I can heartily recommend argonaut for json support in scala. All you need to configure it to serialize your Customer object is one line:

implicit lazy val CodecCustomer: CodecJson[Customer] =
casecodec6(Customer.apply, Customer.unapply)("id","name","address","city","state","user_id")

That will pimp your class to give it an .asJson method which turns it into a string. It will also pimp the string class to give it a method .decodeOption[List[Customer]] to parse strings. It handles the options in your class fine. Here is a working class with a passing test and a running main method which you can drop into a git clone of argonaut to see it all working fine:

package argonaut.example

import org.specs2.{ScalaCheck, Specification}
import argonaut.CodecJson
import argonaut.Argonaut._

case class Customer(id: Int, name: String, address: Option[String],
                    city: Option[String], state: Option[String], user_id: Int)

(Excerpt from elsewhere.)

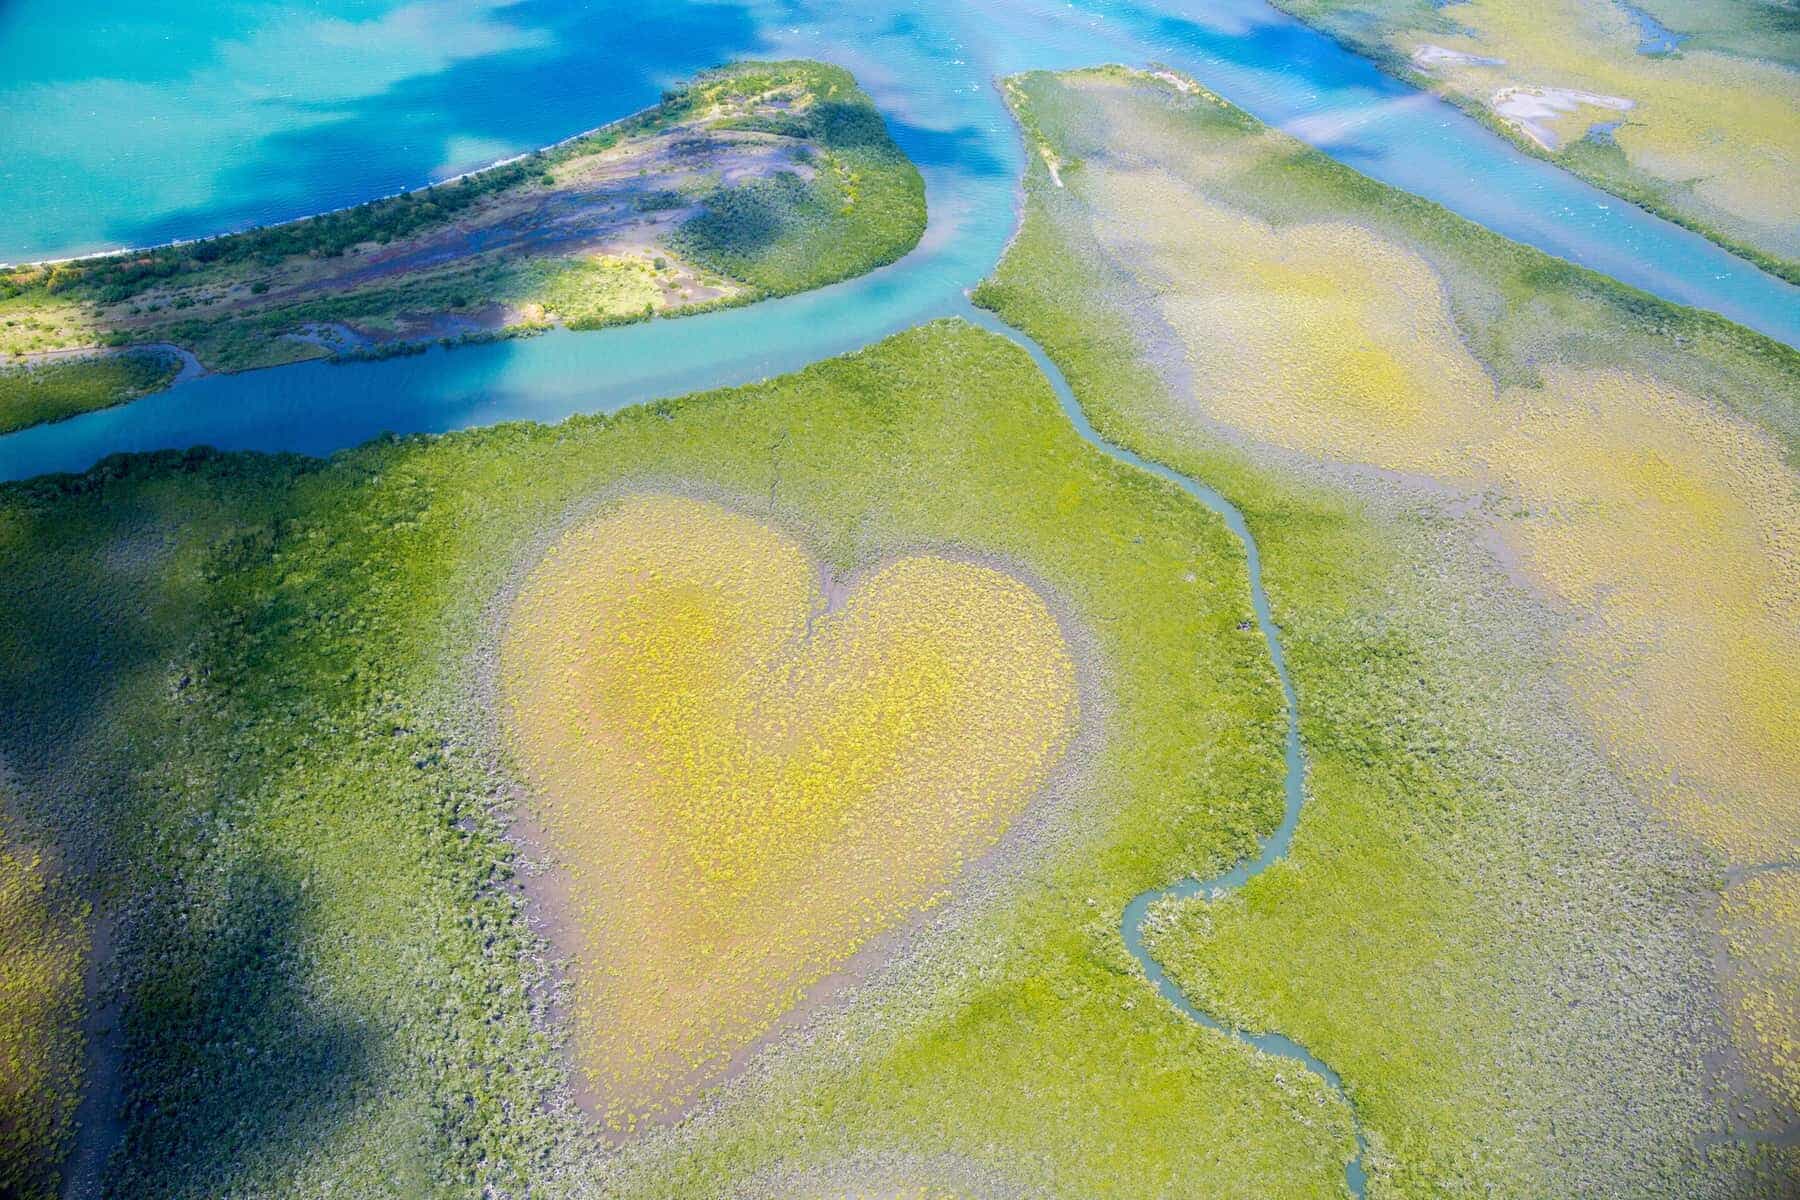 Heart of Voh, aerial view, mangroves resemble a heart seen from above, New Caledonia, Micronesia

class CustomerExample extends Specification with ScalaCheck {

  import CustomerExample.CodecCustomer
  import CustomerExample.customers

  def is = "Stackoverflow question 12591457 example" ^
    "round trip customers to and from json strings " ! {
      customers.asJson.as[List[Customer]].toOption must beSome(customers)
    }
}

object CustomerExample {

  implicit lazy val CodecCustomer: CodecJson[Customer] =
    casecodec6(Customer.apply, Customer.unapply)("id","name","address","city","state","user_id")

  val customers = List(
    Customer(1,"one",Some("one street"),Some("one city"),Some("one state"),1)
    , Customer(2,"two",None,Some("two city"),Some("two state"),2)
    , Customer(3,"three",Some("three address"),None,Some("three state"),3)
    , Customer(4,"four",Some("four address"),Some("four city"),None,4)
  )

  def main(args: Array[String]): Unit = {

    println(s"Customers converted into json string:\n ${customers.asJson}")

    val jsonString =
      """[
        |   {"city":"one city","name":"one","state":"one state","user_id":1,"id":1,"address":"one street"}
        |   ,{"city":"two city","name":"two","state":"two state","user_id":2,"id":2}
        |   ,{"name":"three","state":"three state","user_id":3,"id":3,"address":"three address"}
        |   ,{"city":"four city","name":"four","user_id":4,"id":4,"address":"four address"}
        |]""".stripMargin


    var parsed: Option[List[Customer]] = jsonString.decodeOption[List[Customer]]

    println(s"Json string turned back into customers:\n ${parsed.get}")

  }
}

The developers are also helpful and responsive to folks getting started.

Answer 4

现在在https://github.com/randhindi/jerkson有一个支持 Scala 2.10 的 Jerkson 分支。

Answer 5

So, based on the absence of an error message and the incorrect sample code, I'm suspecting this is more of an issue of just not understanding how the lift-json extraction works. If I've misunderstood, do comment and let me know. So, if I'm right then here's what you need.

To serialize:

import net.liftweb.json._
  import Extraction._

implicit val formats = DefaultFormats

case class Person(...)
val person = Person(...)
val personJson = decompose(person) // Results in a JValue

Then to reverse the process you'd do something like:

// Person Json is a JValue here.
personJson.extract[Person]

If that's not the part you're having trouble with, then do let me know and I can try to revise my answer to be more helpful.